Claudin 18.2-Targeted Drugs: Regulatory Status and Clinical Development
FDA and EMA Approved Drugs
Zolbetuximab
(Vyloy®) – Astellas Pharma
The ONLY Claudin 18.2-targeted therapy currently approved by FDA and
EMA
Regulatory Approvals:
•
Japan (MHLW): March 2024 ✅ – First approval worldwide
•
UK (MHRA): August 14, 2024 ✅
•
European Union (EMA): September 20, 2024 ✅
•
South Korea (MFDS): September 2024 ✅
•
United States (FDA): October 18, 2024 ✅
•
China (NMPA): January 2025 ✅
NICE (UK) Status:
❌ NOT RECOMMENDED –
March 12, 2025 (TA1046)
Reason for rejection:
•
Cost-effectiveness concerns –
ICER (incremental cost-effectiveness ratio) exceeded £20,000 per QALY threshold
•
NICE concluded that
zolbetuximab plus chemotherapy is less costly but also less effective
compared to nivolumab or pembrolizumab plus chemotherapy
•
Economic modeling did not
justify the cost relative to existing alternatives
•
Despite clinical benefit in
trials, the committee determined it does not represent acceptable use of NHS
resources
Implication: Zolbetuximab is licensed in the UK but will NOT be routinely
funded by NHS England, Wales, Scotland, or Northern Ireland
Approved Indication:
First-line treatment
of adults with:
•
Locally advanced
unresectable OR metastatic
•
HER2-negative
•
CLDN18.2-positive (defined as ≥75% of tumor cells with moderate-to-strong membranous
staining)
•
Gastric or gastroesophageal
junction (GEJ) adenocarcinoma
Given in
combination with: Fluoropyrimidine- and
platinum-containing chemotherapy (mFOLFOX6 or CAPOX)
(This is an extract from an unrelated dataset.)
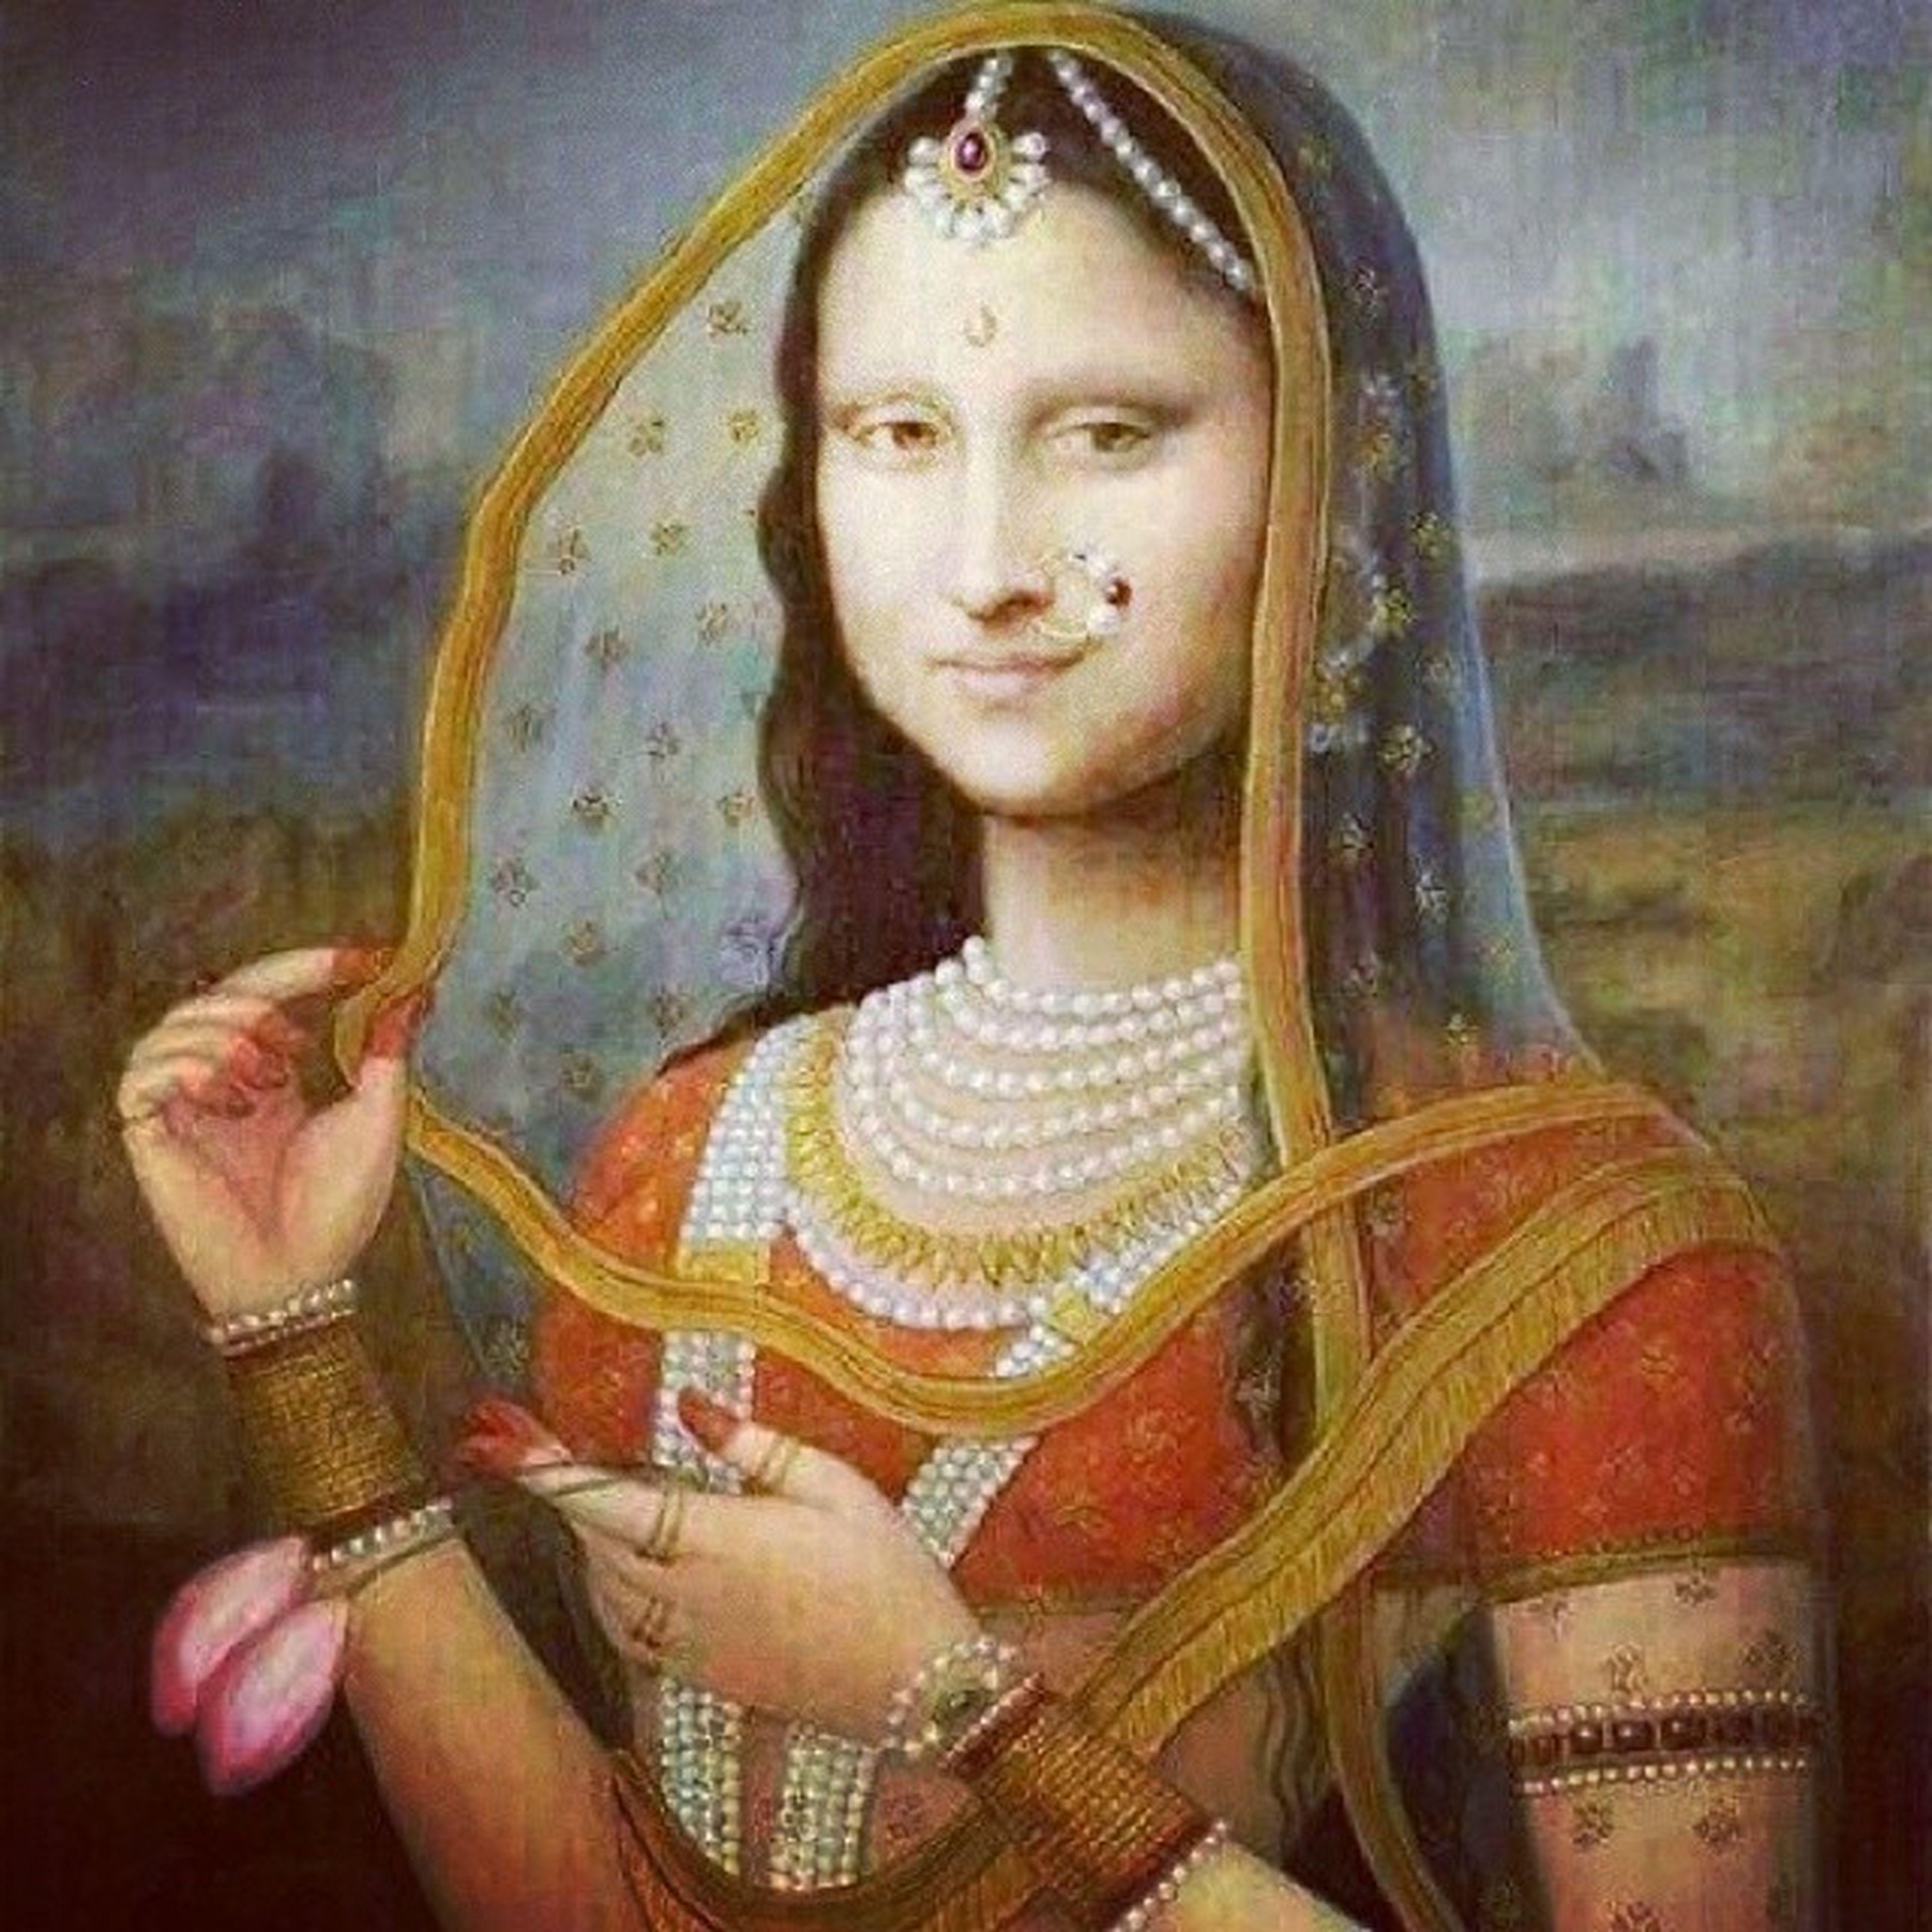 Rajkumari Rajkumari_monalisa Monalisa Rajwada Indian Dulhan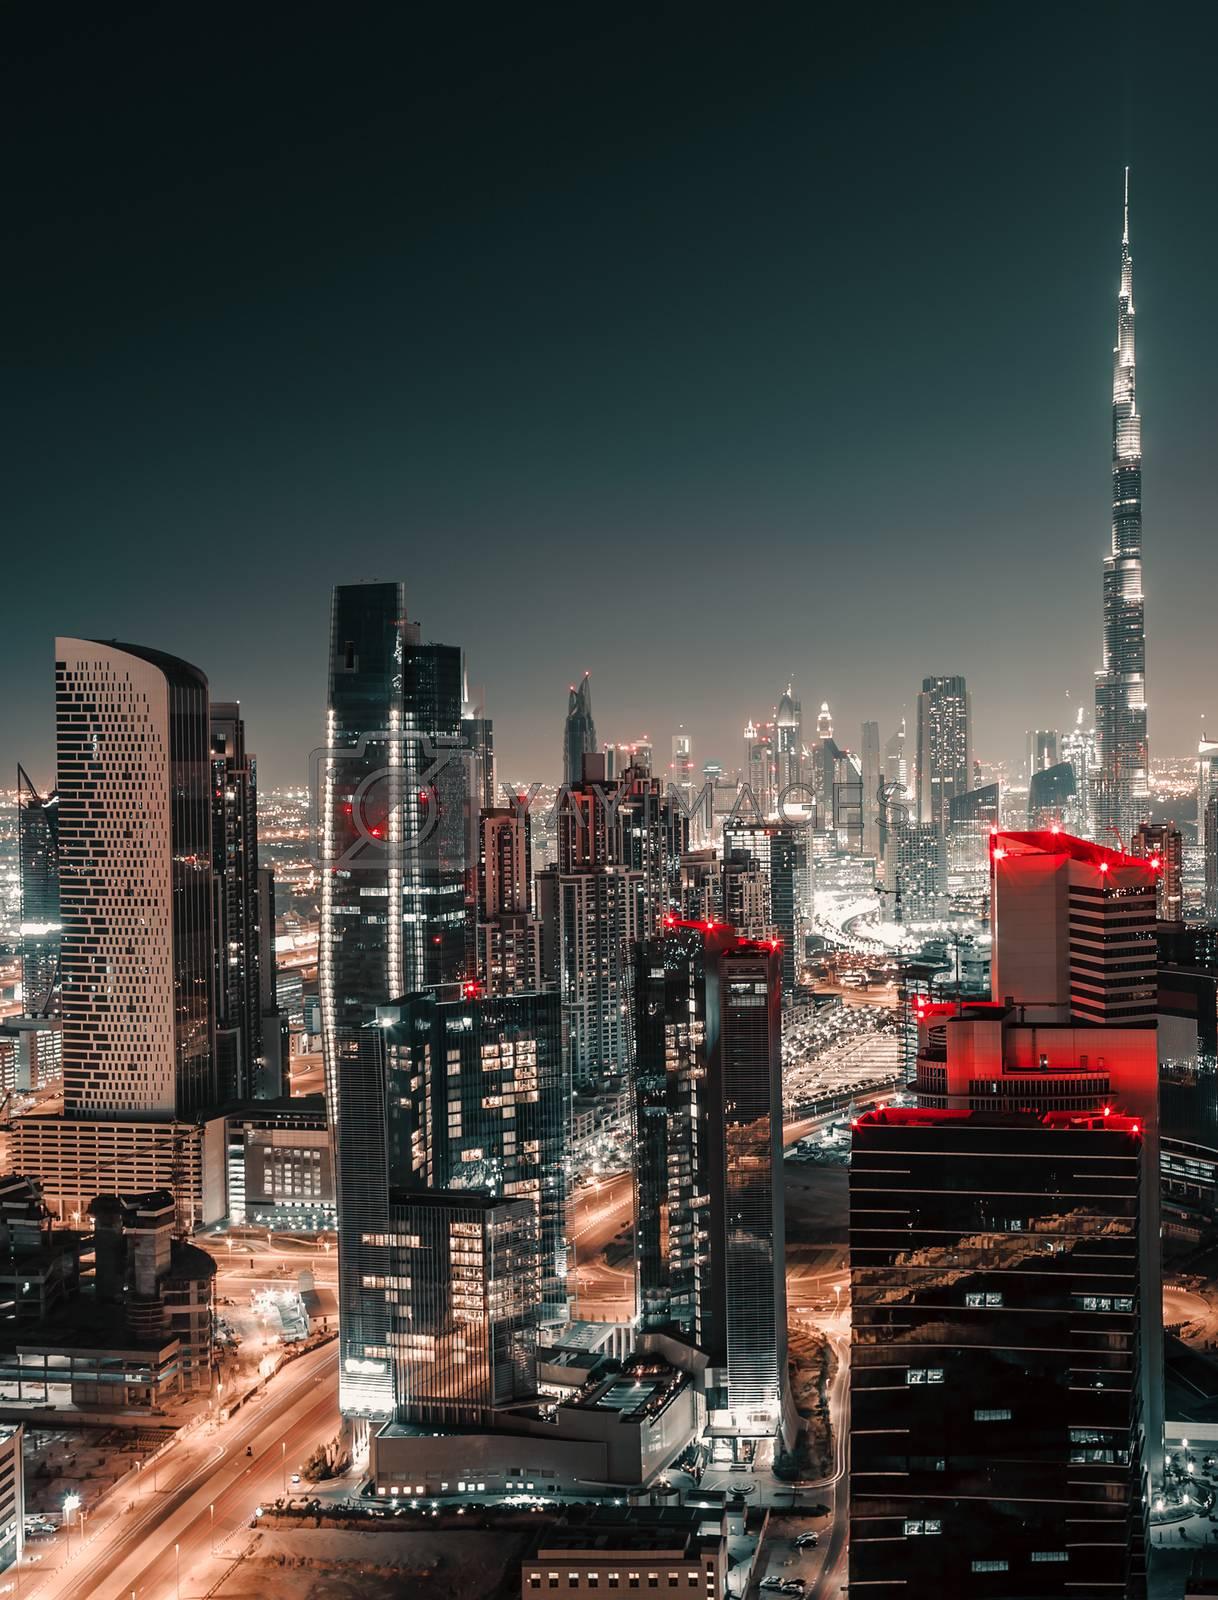 Nighttime Cityscape. Urban Scene Background of a Modern Towers at Night. Lights of Big City. Dubai. United Arab Emirates.

Supporting Clinical Trials:
1.
SPOTLIGHT Trial
(NCT03504397): Zolbetuximab + mFOLFOX6 vs. placebo
+ mFOLFOX6
–
Median OS: 14.39 months vs.
12.16 months (HR 0.77; P=0.0053)
–
Median PFS: 10.61 months vs.
8.67 months (HR 0.75; P=0.0066)
–
24-month OS: 38.8% vs. 28.4%
2.
GLOW Trial (NCT03462719): Zolbetuximab + CAPOX vs. placebo + CAPOX
–
Median OS: 14.39 months vs.
12.16 months (HR 0.77; P=0.0053)
–
Median PFS: 8.21 months vs.
6.80 months
–
Consistent benefit across
subgroups
Companion Diagnostic:
VENTANA CLDN18
(43-14A) RxDx Assay (Roche)
•
CE Mark approved October 9,
2024
•
FDA-approved companion
diagnostic
•
Identifies patients eligible
for zolbetuximab treatment
•
~38% of screened gastric/GEJ
cancer patients test CLDN18.2-positive
Dosing:
•
Loading doses: 800 mg IV on Cycle 1 Day 1; 600 mg IV on Cycle 1 Days 8 and 15
•
Maintenance: 600 mg IV every 3 weeks (with mFOLFOX6) OR 800 mg IV every 2 weeks
(with CAPOX)
•
Continue until disease
progression or unacceptable toxicity
Most Common Adverse Events:
•
Nausea (82-88%)
•
Vomiting (67-78%)
•
Decreased appetite (44-49%)
•
Most AEs are grade 1-2 and
manageable with antiemetics and supportive care
Drugs in
Late-Stage Clinical Development
1. CT041
(Satri-cel / Satricabtagene Autoleucel) – CARsgen Therapeutics
Type: CLDN18.2-targeted autologous CAR-T
cell therapy
Regulatory Designations:
•
China NMPA: Breakthrough Therapy Designation (March 2025) + Priority Review
(May 2025)
•
US FDA: Regenerative Medicine Advanced Therapy (RMAT) designation (January
2022)
•
US FDA: Orphan Drug Designation (September 2020)
•
EMA: PRIME designation
Development Status:
•
NDA submission to China NMPA: Expected June 2025
•
Potential approval: Could become world’s first approved CAR-T for solid tumors in 2025
•
Phase II pivotal trial
published: The Lancet (June 2025)
Indication:
Treatment of CLDN18.2-positive
advanced gastric/gastroesophageal junction adenocarcinoma in patients who have
failed ≥2 prior lines of therapy
Key Efficacy Data
(Phase II CT041-ST-01):
•
Objective Response Rate
(ORR): 54.9%
•
Disease Control Rate (DCR): 96.1%
•
Median Overall Survival: 9.0 months (high CLDN18.2 expression subgroup: 13.1 months)
•
Median PFS: 6.9 months
•
Superior to chemotherapy
comparator arm
Safety:
•
Manageable toxicity profile
•
Cytokine release syndrome (CRS)
observed but manageable
•
On-target off-tumor gastric
toxicity remains a challenge being addressed through AND-gate CAR technology
2. IBI343 –
Innovent Biologics / Takeda (October 2025 partnership)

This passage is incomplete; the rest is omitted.